Your absolutely right that a cell phone doesn't need to use wifi to get an estimate on where it is. But, as I said before, wifi triangulation is much, much more accurate. That's not necessarily a big deal if you're just using it to assist GPS, but it might be if you're using it as an alternative to GPS (for instance, if you're using an iPod touch, or you're inside a big building and can't see GPS satellites). Apple's Q&A says the iPhone will use geotagged wifi information from their database in addition to cell tower information.

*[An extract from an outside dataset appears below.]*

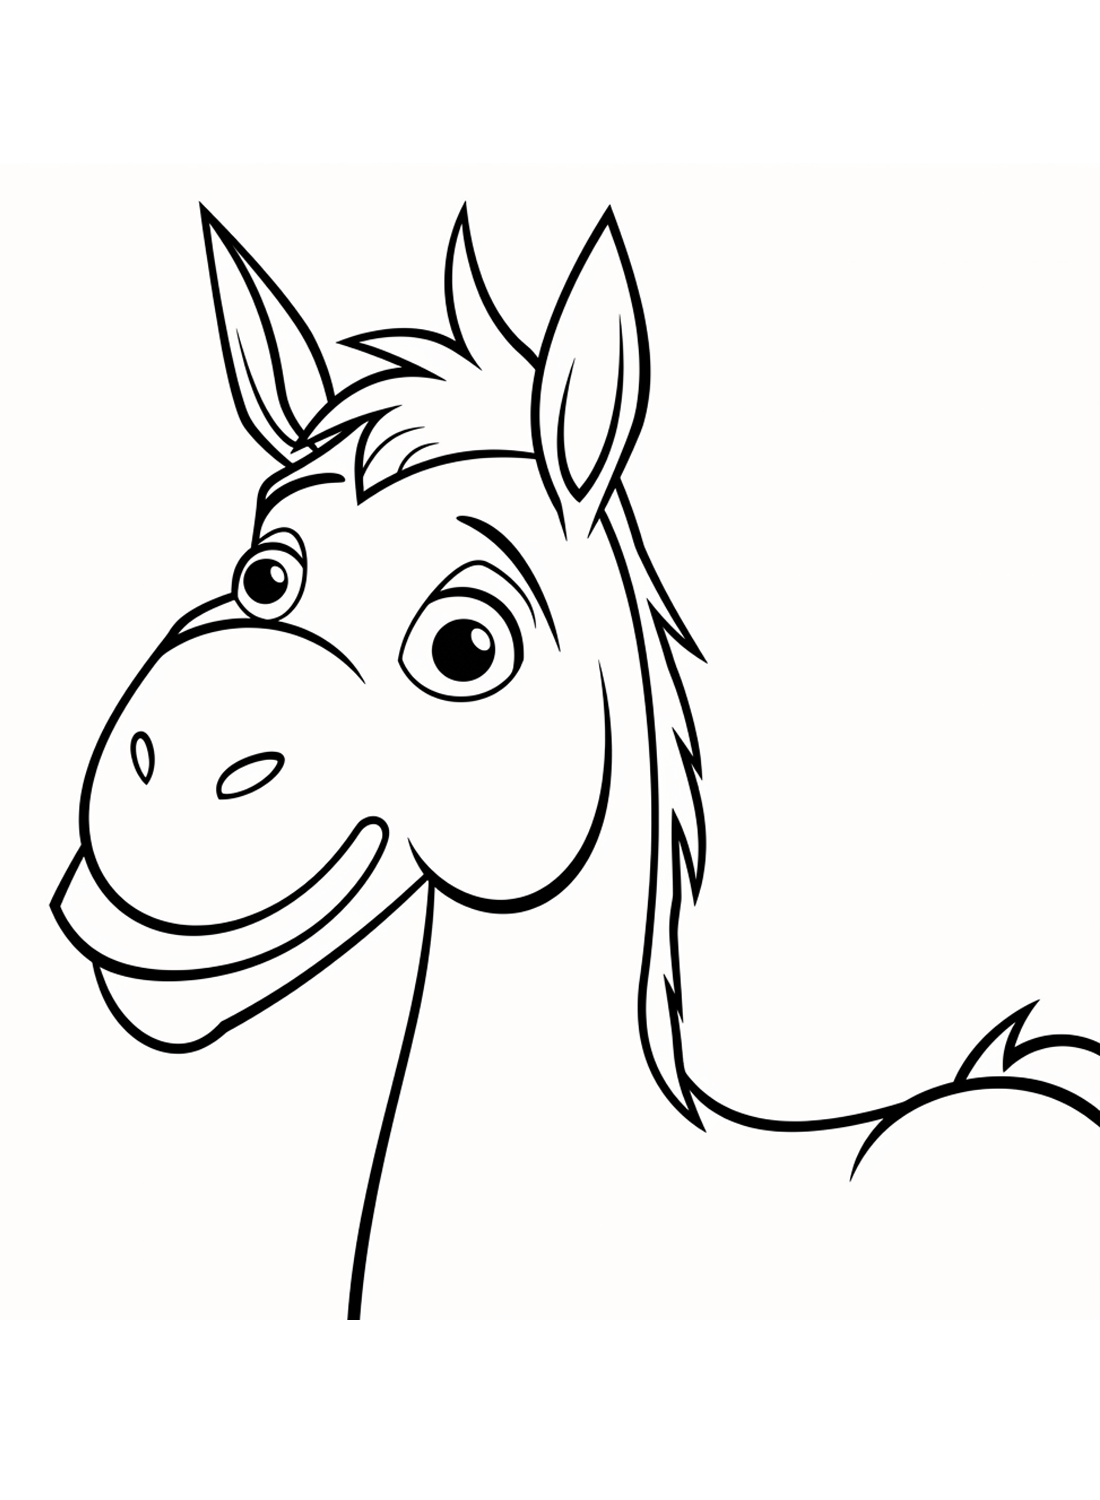 The Donkey Coloring Page

My iPod touch is not figuring out where it is based on IP address. If you turn on location services in the settings its using the geotagged wifi database. That's how its able to pinpoint your location to around 100 meters or so. There actually seems to be a bit of an inconsistency between the two Apple pages. The first one makes it sound like the iPhone has its own cache of geotagged APs, but the second one points out that the iPod Touch needs an active Internet connection to work. I've noticed that on my iPod Touch. That implies that its sending something up, and getting a response back. Maybe the iPod just passes up the MAC addresses of visible APs, and it gets back geotagged MAC addresses, and does the triangulation computations on the iPod.
I don't understand what point you're trying to make in your second paragraph. You're right that Apple devices don't auto connect without user authorization. That's true, but irrelevant. iOS devices can certainly see the MAC addresses of visible APs without connecting to them.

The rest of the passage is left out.